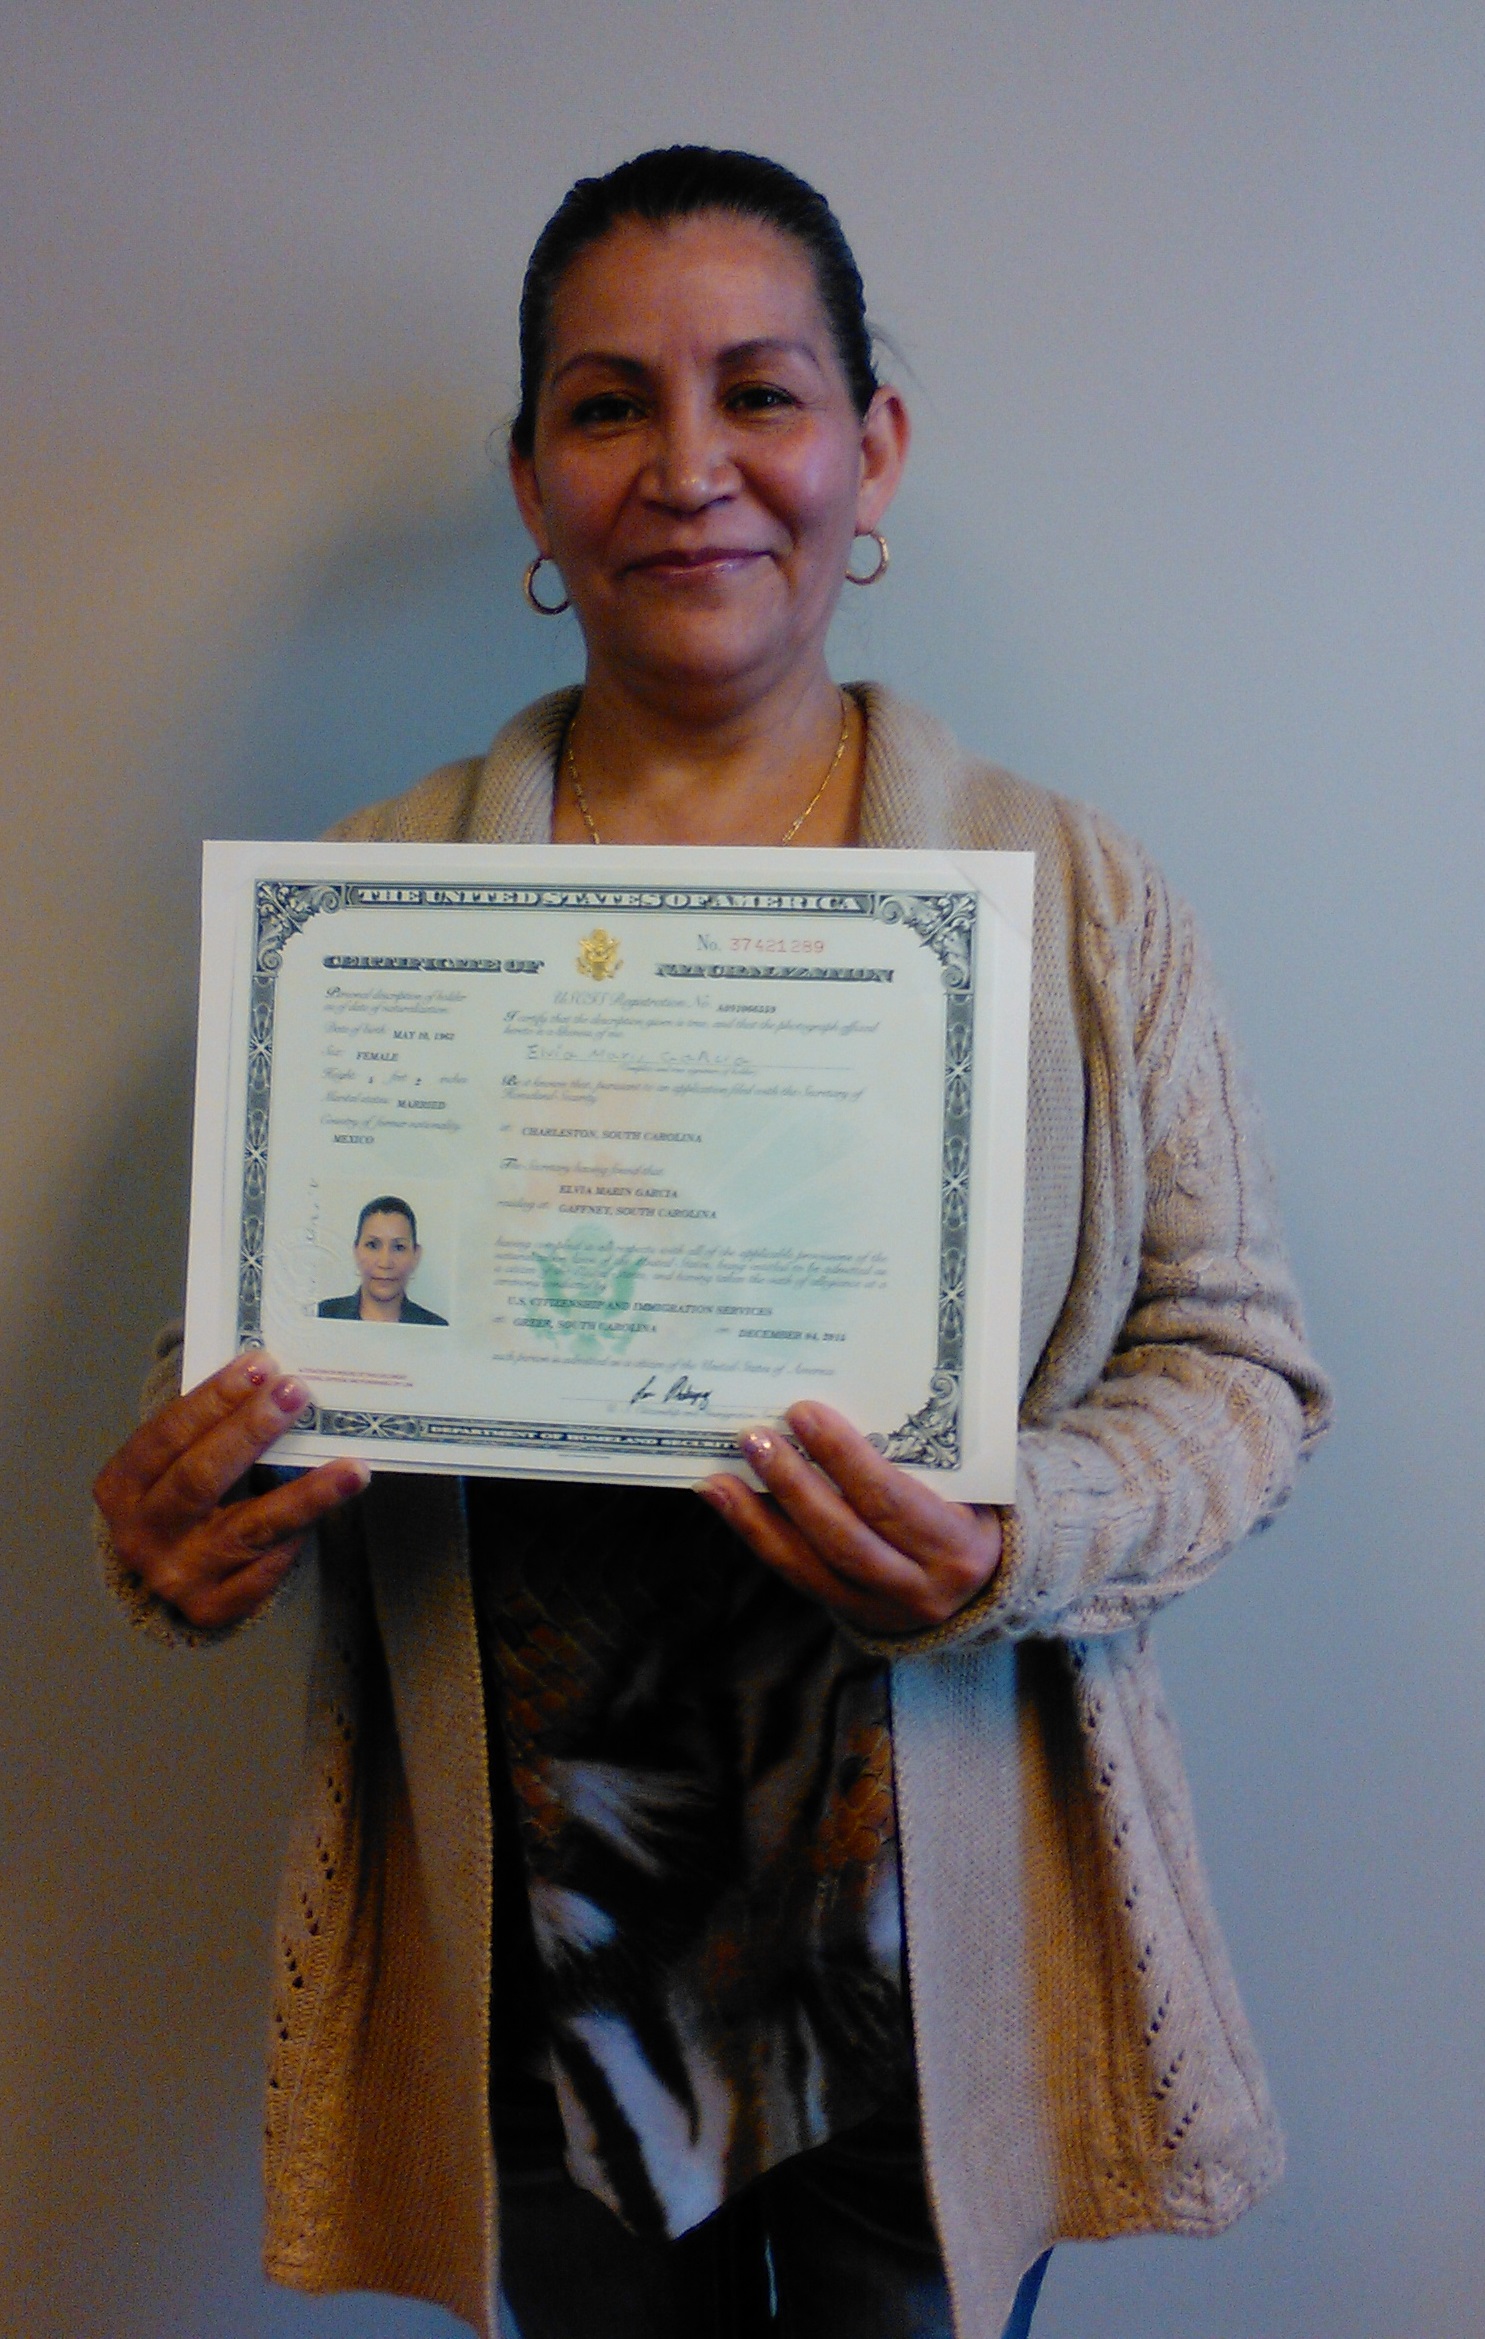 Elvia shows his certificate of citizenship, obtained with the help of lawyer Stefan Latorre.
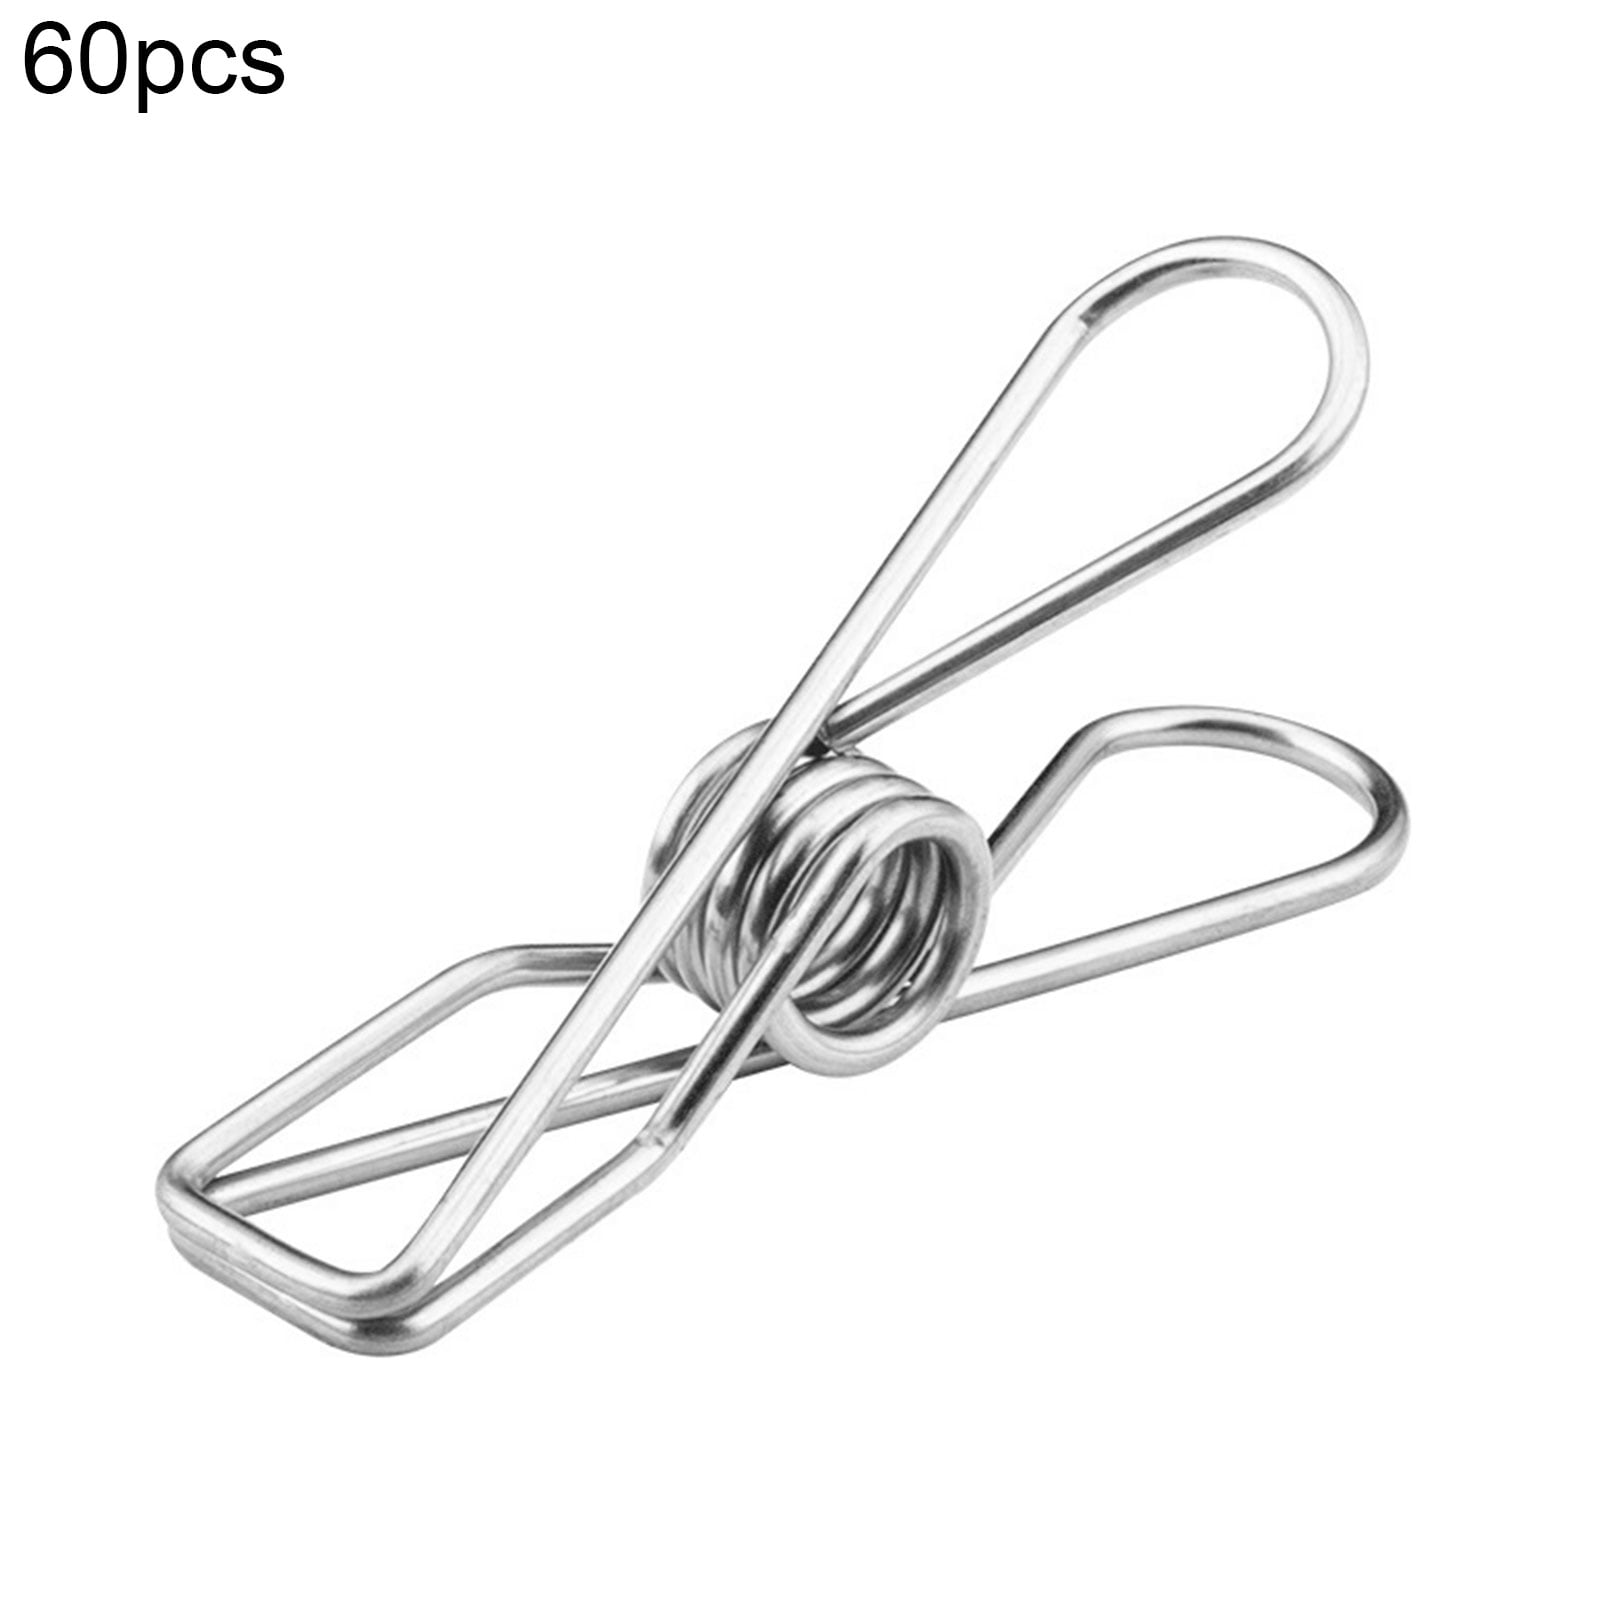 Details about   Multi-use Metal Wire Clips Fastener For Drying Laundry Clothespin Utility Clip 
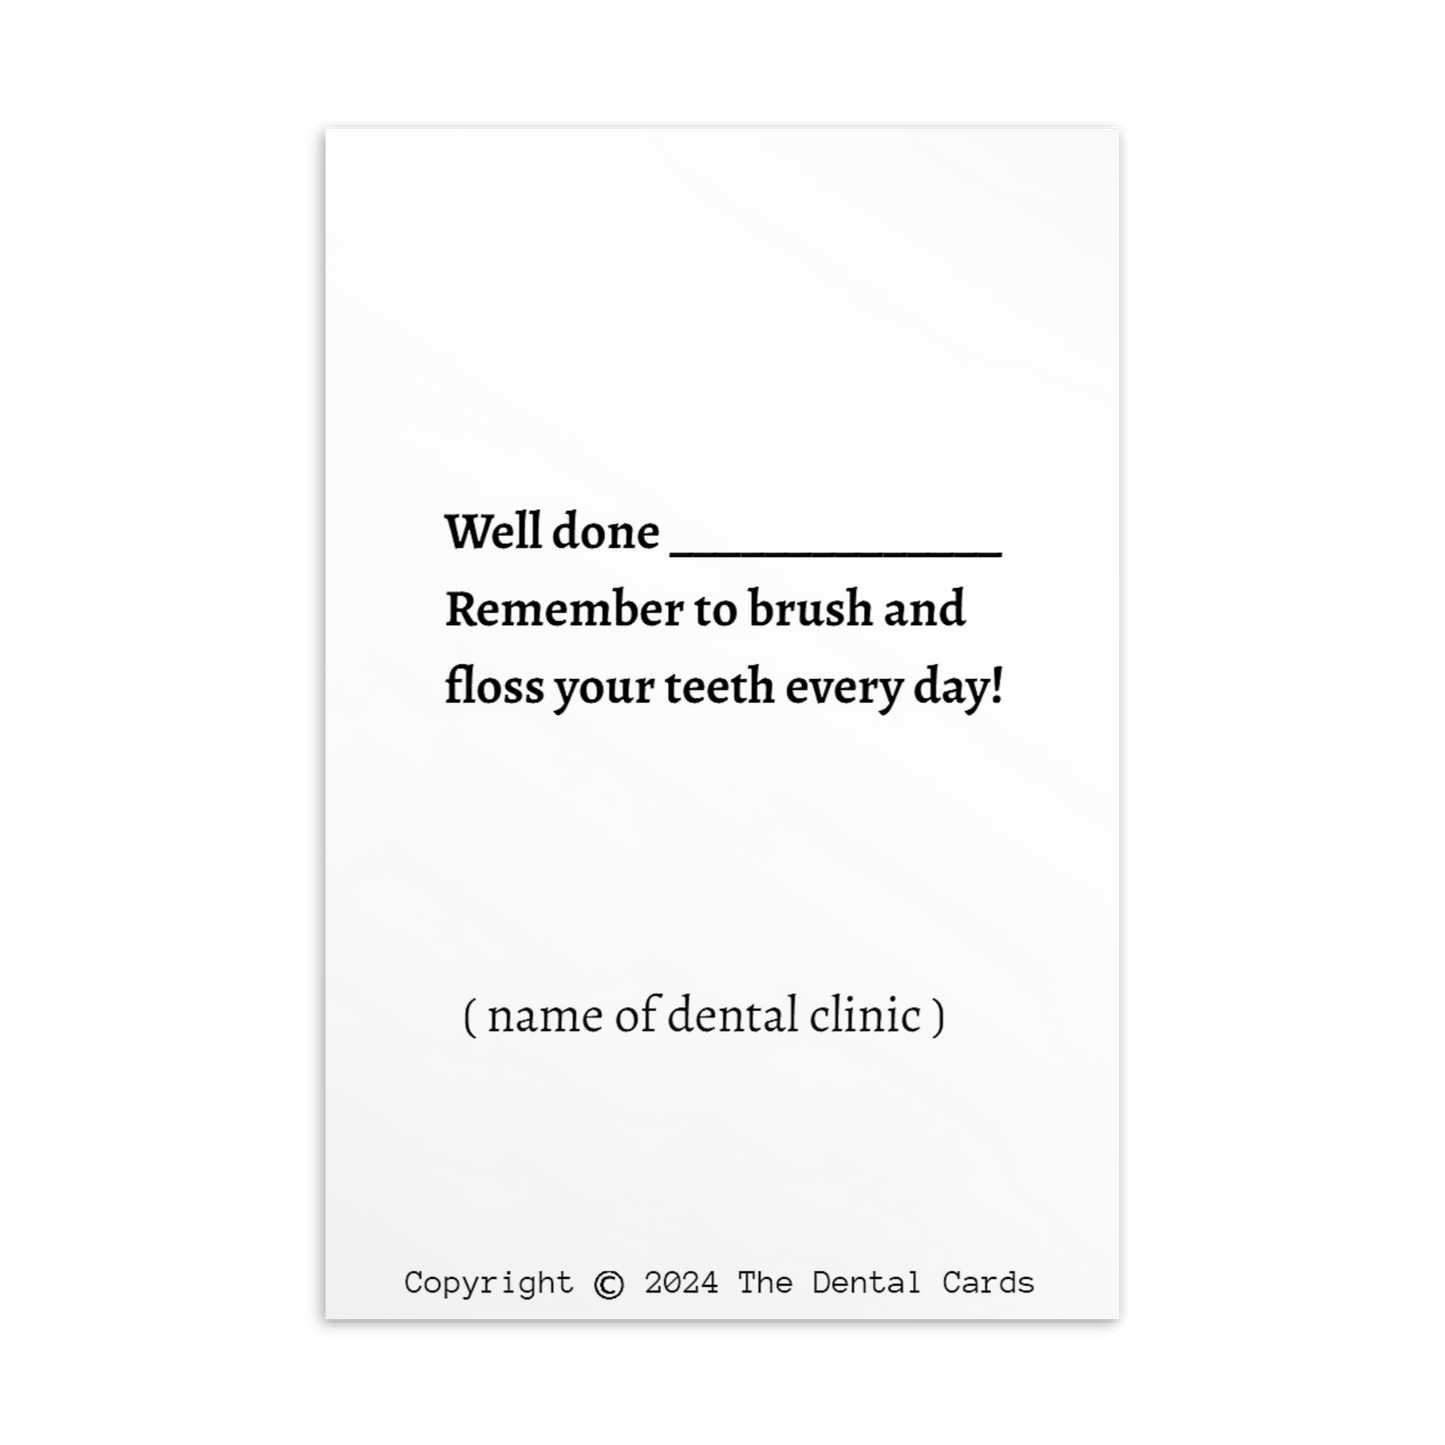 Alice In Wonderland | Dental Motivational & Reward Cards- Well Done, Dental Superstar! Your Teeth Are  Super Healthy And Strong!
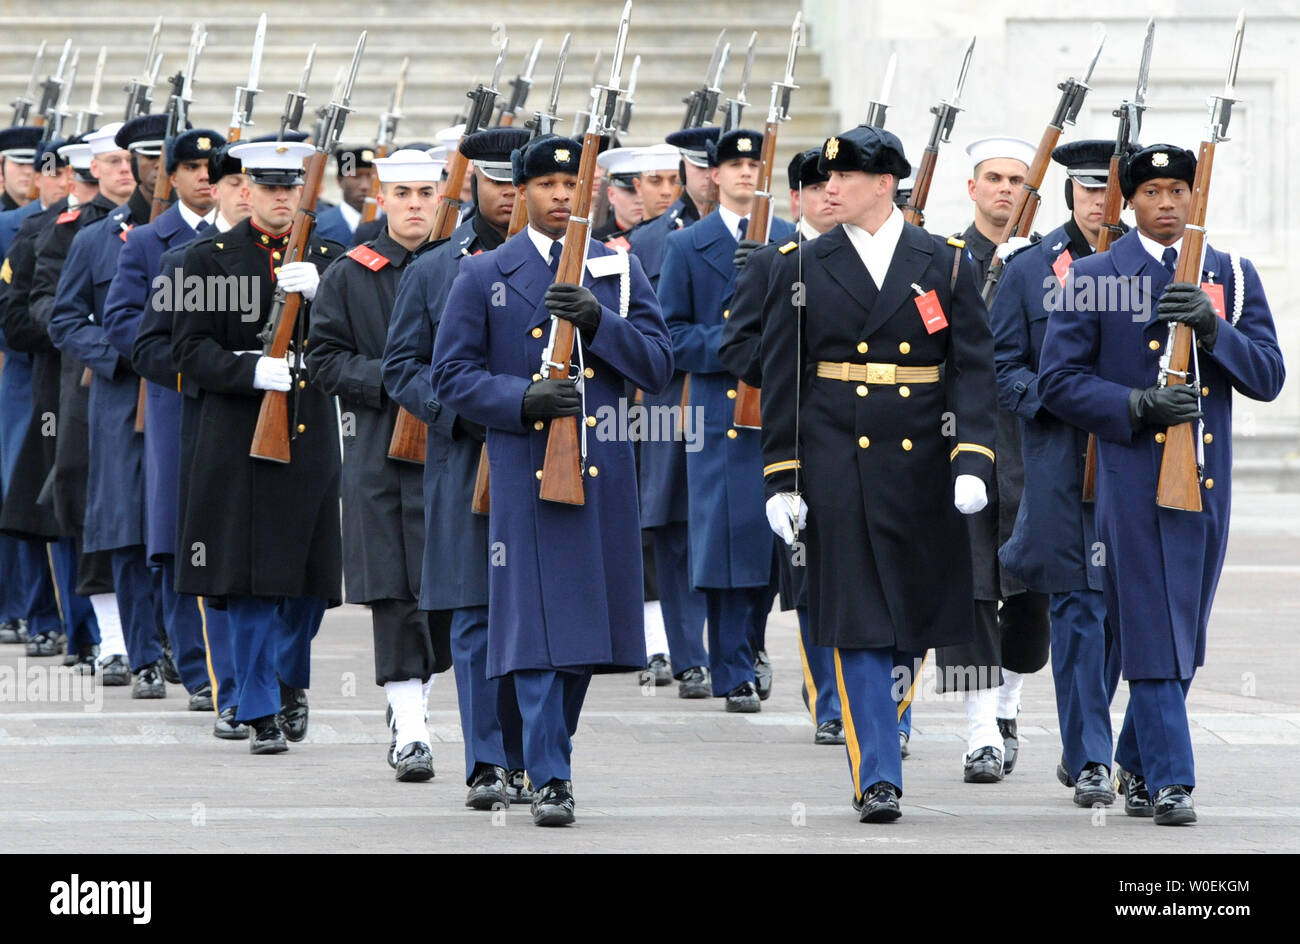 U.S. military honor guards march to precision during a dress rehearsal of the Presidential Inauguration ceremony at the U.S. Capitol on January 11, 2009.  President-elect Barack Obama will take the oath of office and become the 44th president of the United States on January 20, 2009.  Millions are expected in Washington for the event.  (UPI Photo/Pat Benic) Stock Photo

> **Your instructions**
Starting at the first line of the material, output exactly the lines up to and including the one with "Alice In Wonderland". Do not include the pictures.

> **Response to this exercise**
 Elvia shows his certificate of citizenship, obtained with the help of lawyer Stefan Latorre.
 Details about   Multi-use Metal Wire Clips Fastener For Drying Laundry Clothespin Utility Clip 
 Alice In Wonderland | Dental Motivational & Reward Cards- Well Done, Dental Superstar! Your Teeth Are  Super Healthy And Strong!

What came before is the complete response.